One by one, the women and some male supporters were politely turned away by a church spokeswoman. High school student Emma Tueller, 16, fought back tears after the rejection, which came with a hug from the church representative, who encouraged her to watch the proceedings of the meeting online.

Tueller, a resident of Provo, Utah, joined Ordain Women in the previous action last autumn. “This time it was more painful,” she said. “I love this church and I think my personal gifts and my personal talents could be much better utilised if I had the priesthood.”

In advance of Saturday’s event, church officials had asked Ordain Women to refrain from bringing their cause to Temple Square, saying it would detract from the “spirit of harmony” at the two-day conference, which includes four events open to both genders and the male-only priesthood meeting. In a statement late on Saturday, church officials expressed displeasure with what they called the women’s “refusal to accept ushers’ directions and refusing to leave when asked”.

Ordain Women has objected to being characterized by the church as protesters. “We’re not activists. We’re not protesters,” said Kate Kelly, a Washington, DC-based human rights attorney and lifetime Mormon who last year co-founded the group with about 20 other women. “We’re people on the inside. We are investing in an institution … not critiquing it to tear it down,” she said.

Men ordained to the priesthood in the Mormon church can perform religious rituals, including baptisms, confirmations or blessings and can be called to lead congregations. Boys enter into the priesthood as deacons at age 12 and grow in authority and responsibility as they get older or are called to service by more senior church leaders.

Initially, about 200 people appeared to be taking part in the action, but a spokeswoman for the group put the number of participants at 510.

Women are powerless in matters of church governance and can make no autonomous decisions, even at the highest levels, Kelly said.

Church officials declined an interview request in advance of Saturday’s event.

“Ordination of women to the priesthood is a matter of doctrine that is contrary to the Lord’s revealed organisation for His Church,” said last month’s church letter to the group.

Outside the gates to Temple Square, church member Nate Brown said he does not object to the idea of women in the priesthood, but does not like the tactics of Ordain Women. “I perceive [their asking] not as a civil action, but more of a challenge of church leaders,” said Brown, 59, who came from Salem, Oregon, for the conference.

Brown is not alone.

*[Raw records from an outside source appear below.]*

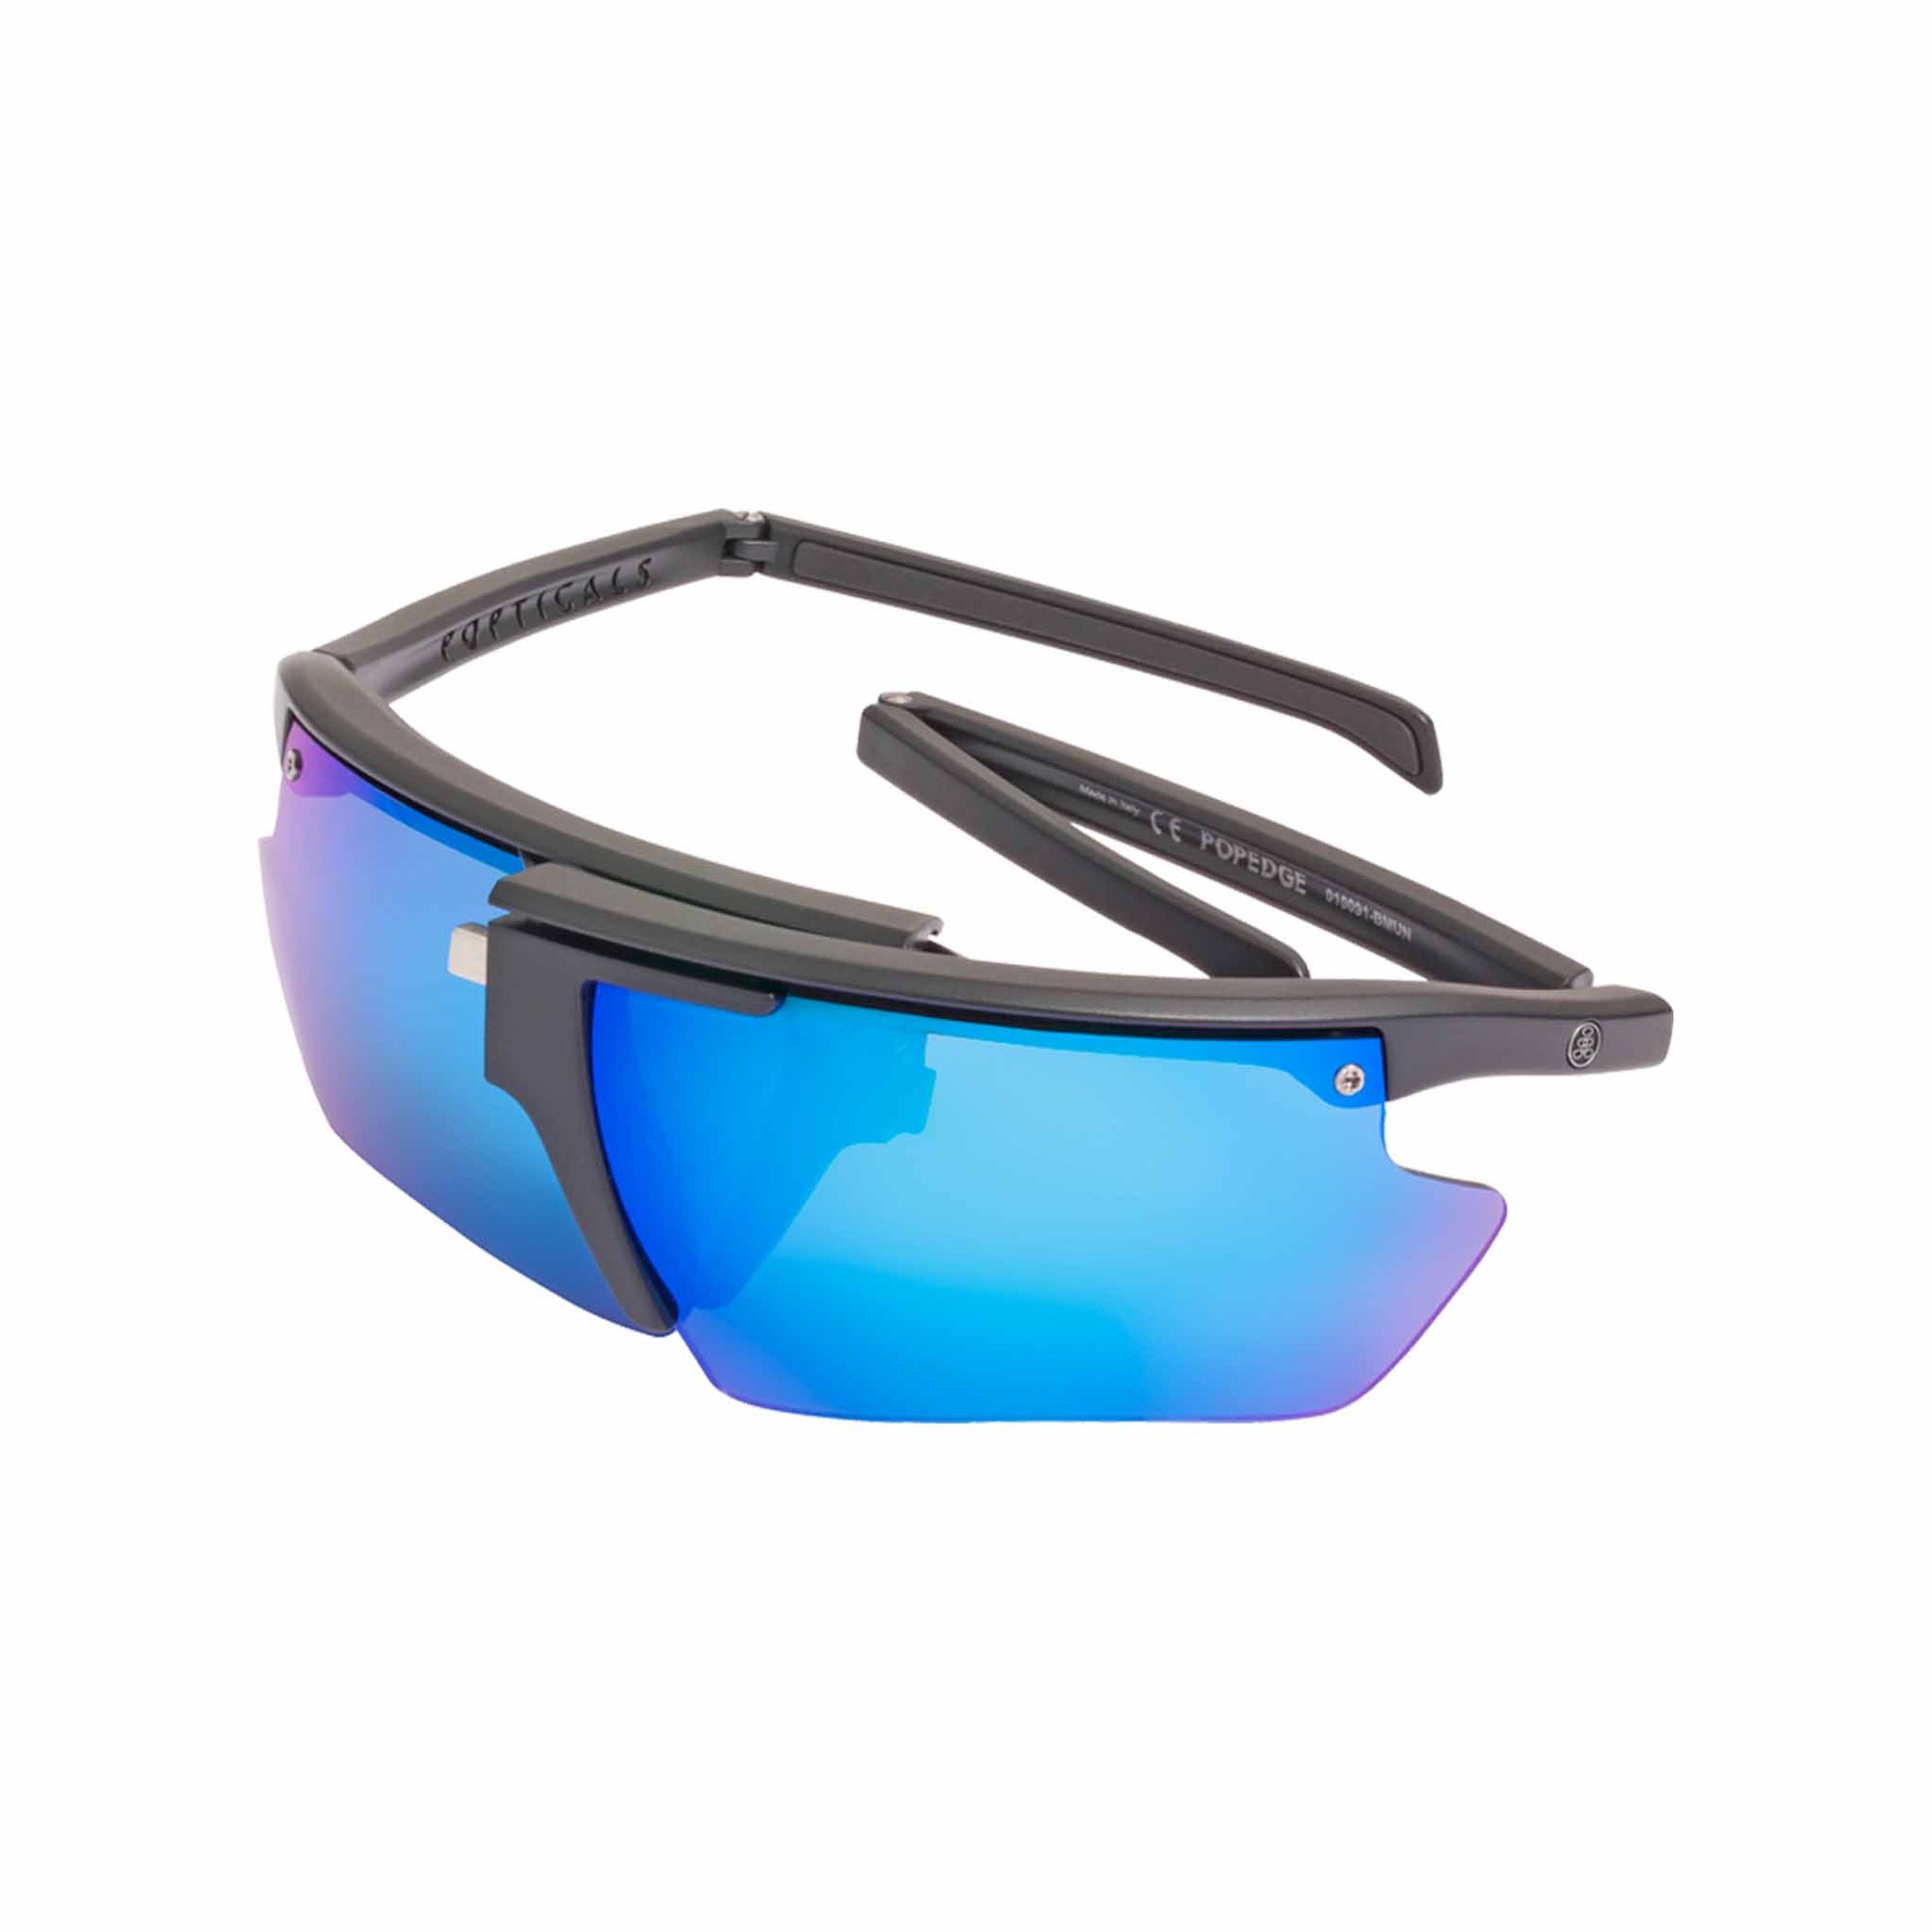 Popticals, Premium Compact Sunglasses, PopEdge, 010091-BMUN, Polarized Sunglasses, Matte Black Frame, Gray Lenses with Blue Mirror Finish, Spider View
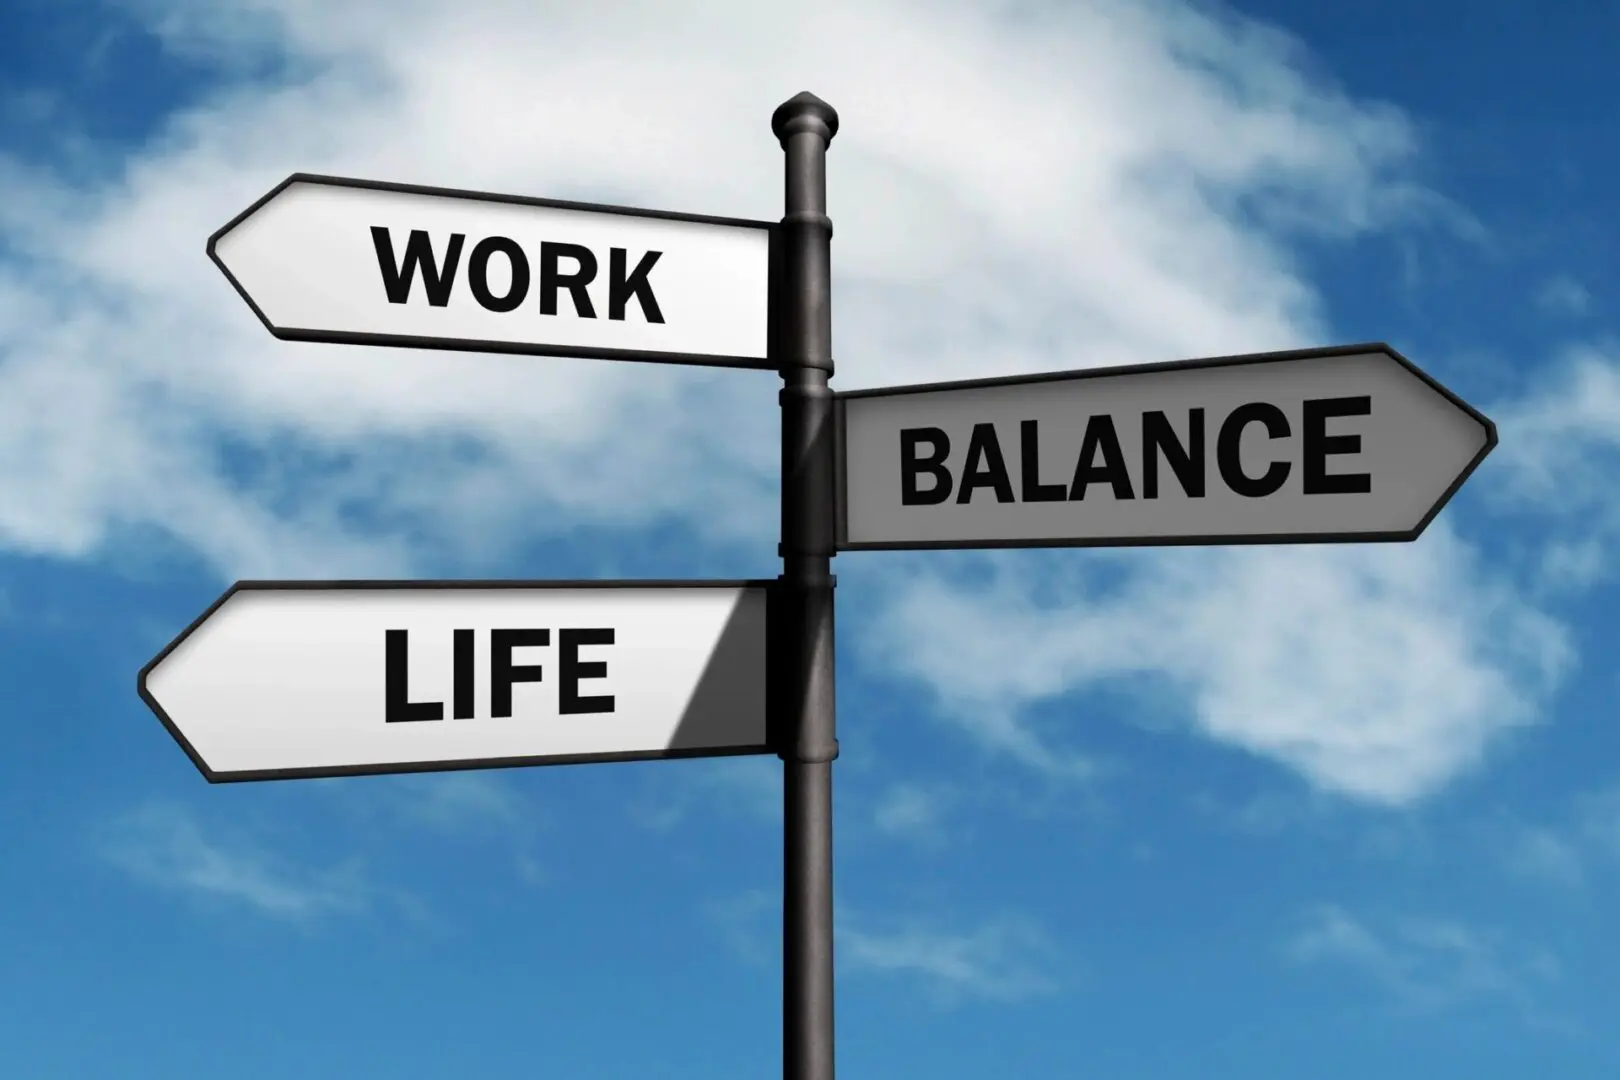 Work, balance, Life
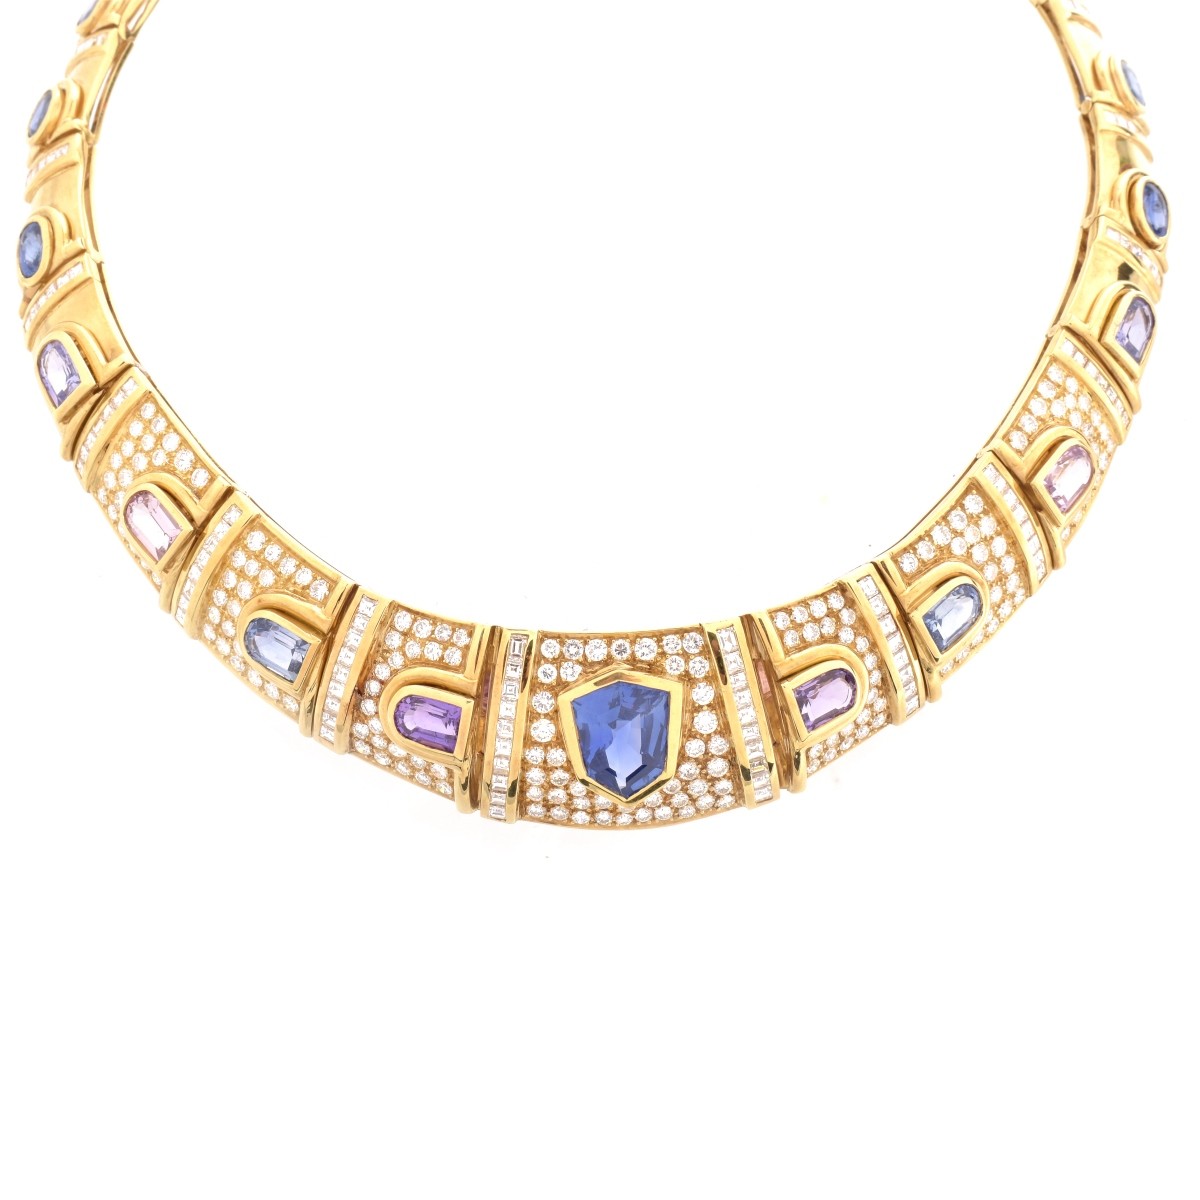 Vintage Sapphire, Diamond and 18K Necklace

A 2011 Pew Research study found Mormons overwhelmingly disapprove of women joining the lay priesthood.

But Brown said he would welcome the ordination of women if a church president, whom Mormons consider a prophet who communicates with God, changed church policies. “I believe in following the prophet,” Brown said.

Since Ordain Women first pushed their cause last fall, church leaders have taken some actions to show their regard for women. For the first time, a woman was asked to pray at the conference and the men’s priesthood meeting was broadcast live on cable television and the internet.

That is a far cry from the 1990s when the faith’s leaders excommunicated some women who advocated for gender equity, said Nadine Hansen, a lifetime church member and an attorney who published her first article about women’s ordination nearly 30 years ago. “I appreciate the changes they are making,” said Hansen. “They are listening.”